On Wednesday 05 December 2007 13:46, Michael Thomas wrote:
[Who is apps-review, and why are they rejecting messages? If this is
intended as an apps area review where only Dave gets to post, that's
a problem.]
Dave Crocker wrote:
o A "Verifier" is the agent that verifies a message by checking the
actual signature against the message itself and the public key
published by the Alleged Signer. The Verifier also looks up the
Sender Signing Practices published by the domain of the Originator
Address if the message is not correctly signed by the Alleged
Originator.
Again: SSP is now not restricted to unsigned messages. It applies also
to a
potentially very large class of signed messages.

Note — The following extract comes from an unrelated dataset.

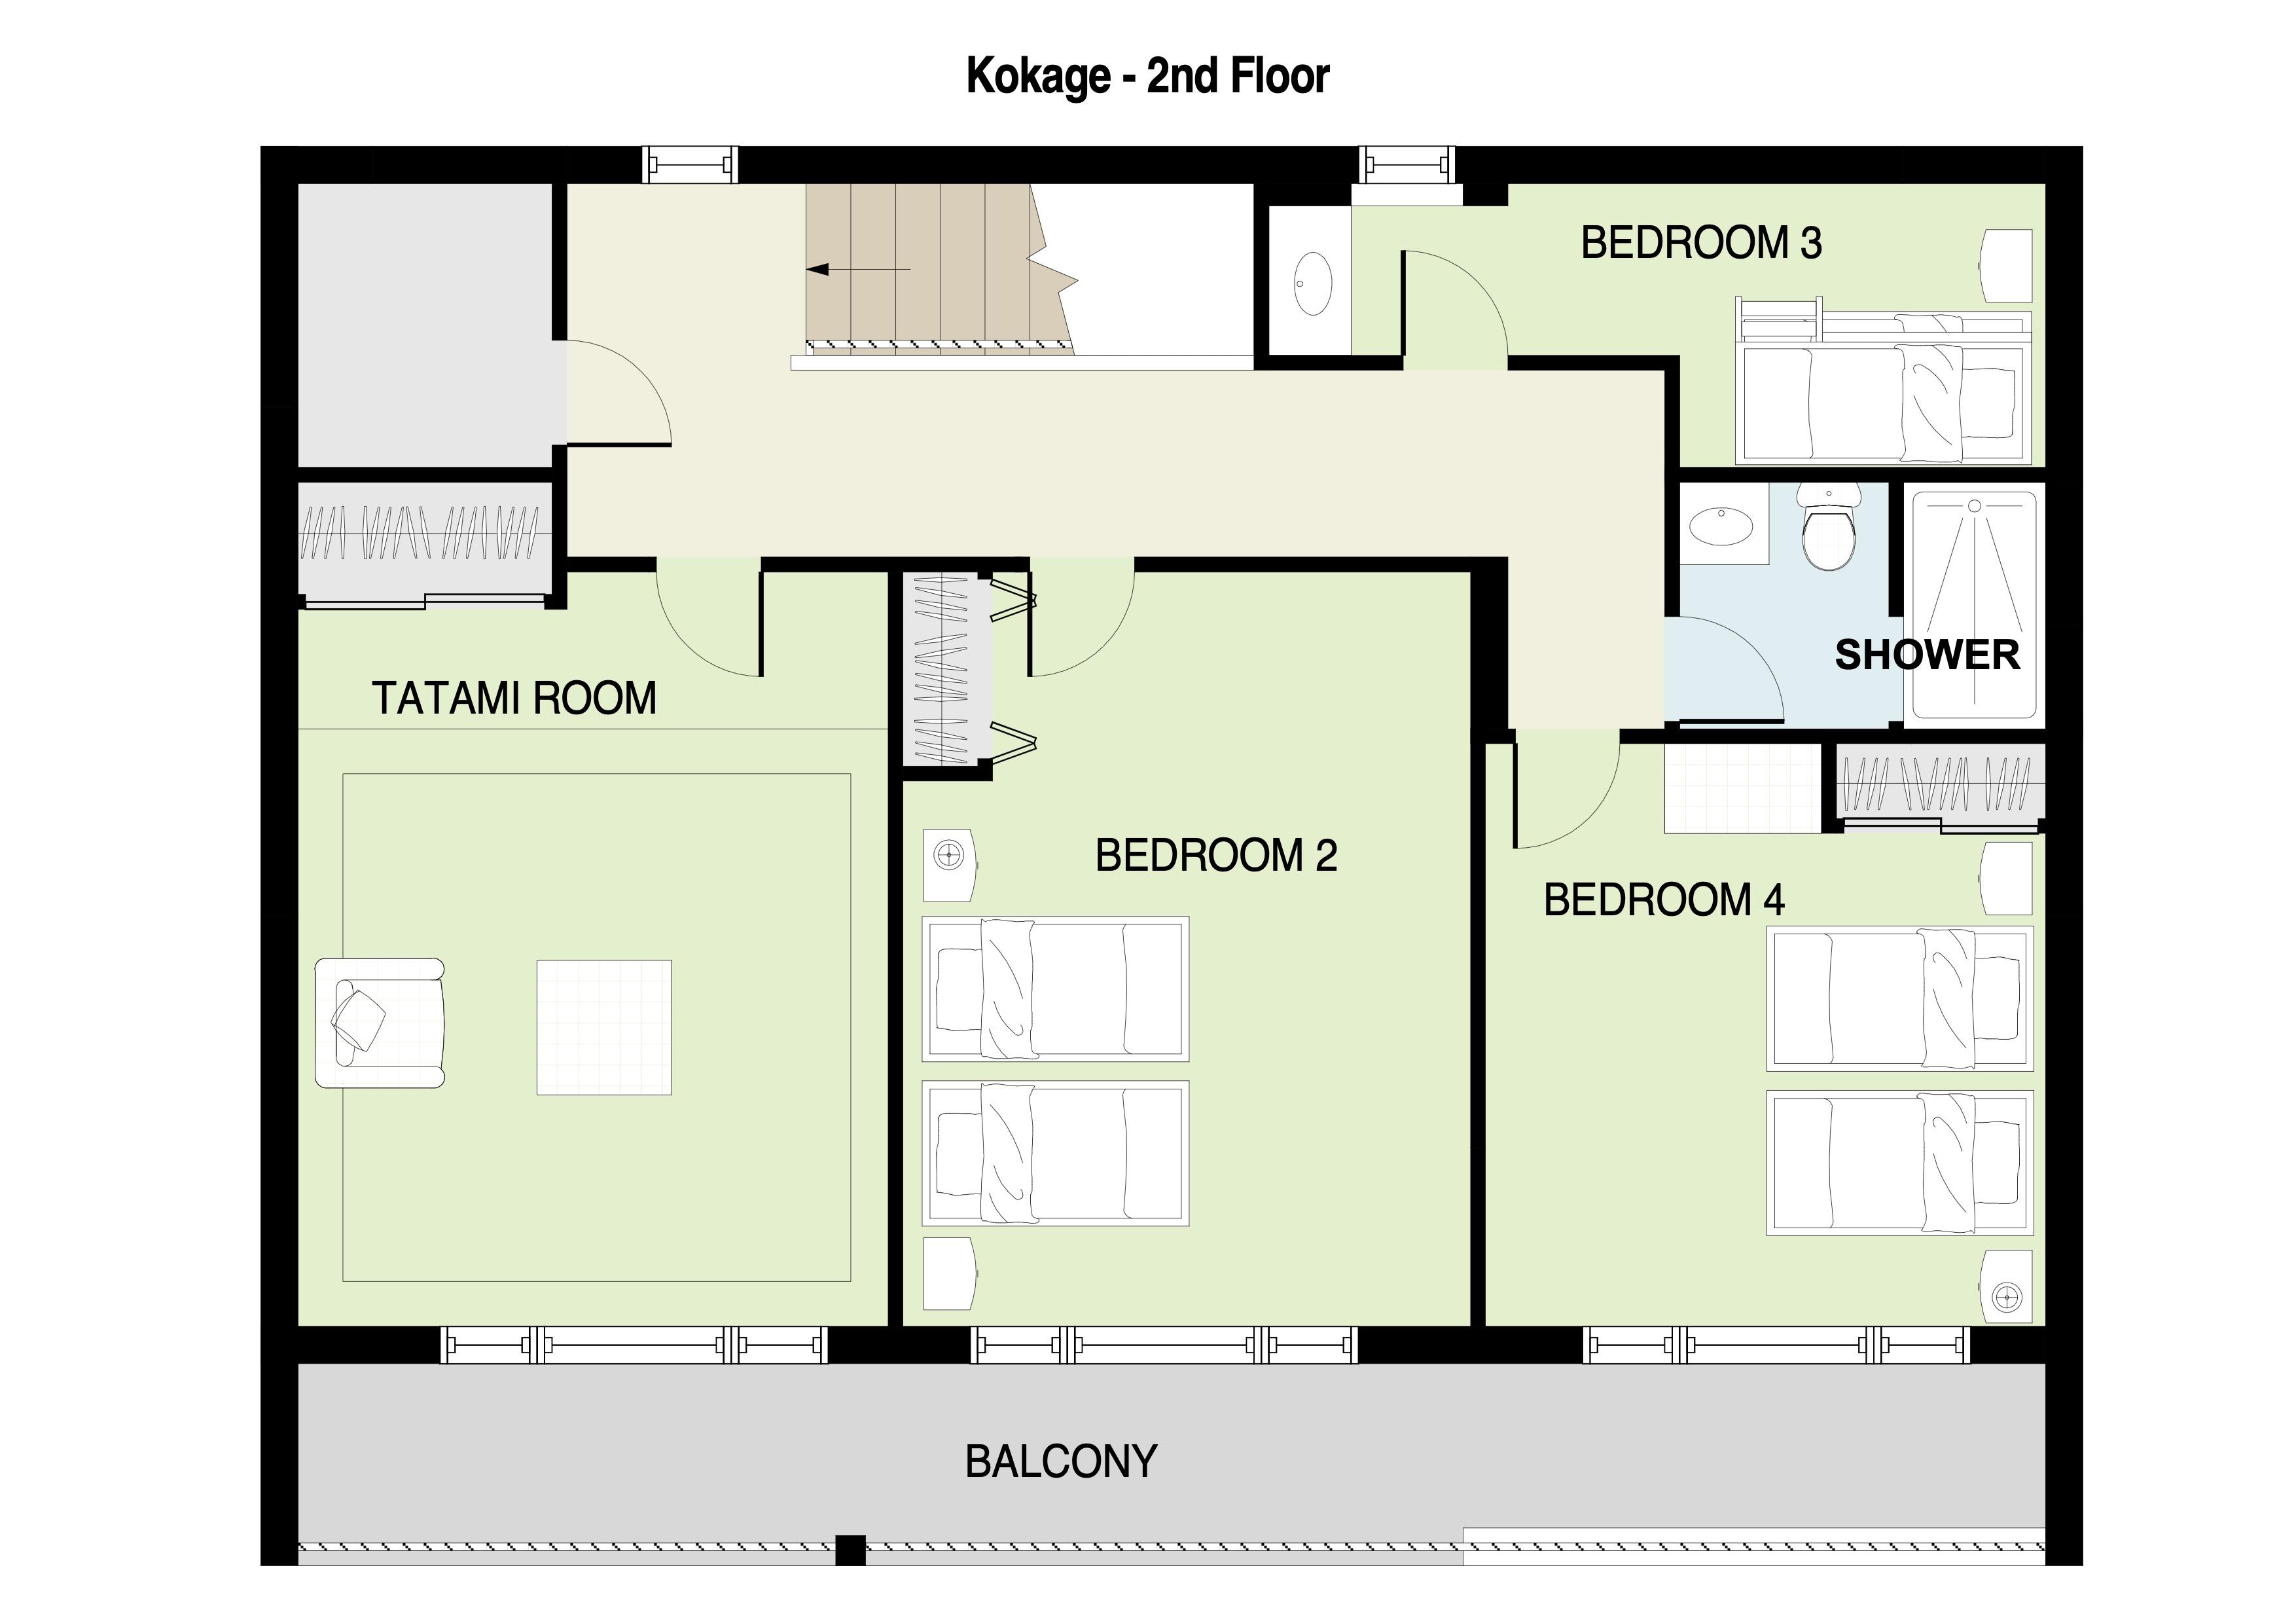 Kokage 2nd floor plan

In effect, SSP now
appears
to attempting to emulate SPF strictures of correlation among identity
fields.
If SSP is going to have any utility whatsoever, it cannot be defeated
by the mere act of signing a message from any random domain. Period.

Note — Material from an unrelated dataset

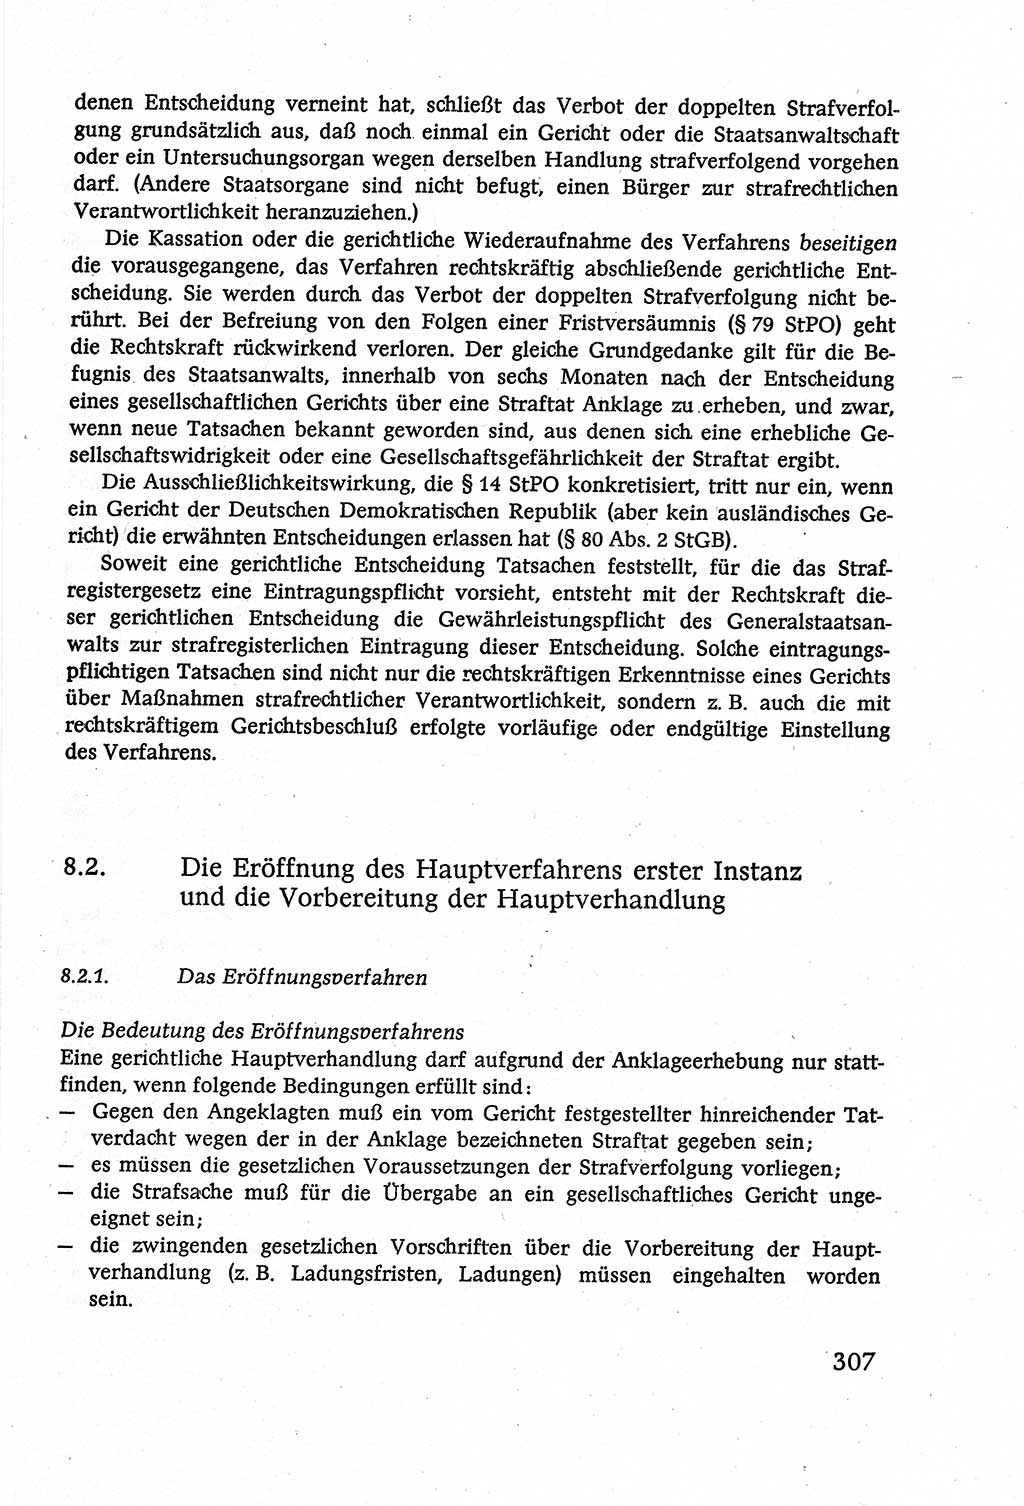 Strafverfahrensrecht [Deutsche Demokratische Republik (DDR)], Lehrbuch 1977, Seite 307 (Strafverf.-R. DDR Lb. 1977, S. 307)

That would be completely and utterly useless, and a complete joke to
create such a specification. When a domain says that it signs all of
its mail, it means just that. It doesn't mean that maybe on every
third thursday that some other domain might sign the mail. It means
that the domain in question signs its own mail with its own
signatures. That means that you have to know which domain a piece of
mail is purporting to be from. The address chosen in the requirements
in RFC5016 is the rfc2822.From address. This was not controversial.
Why we're rehash that non-argument now is beyond me.
+1. It's pretty obvious that it has to be this way.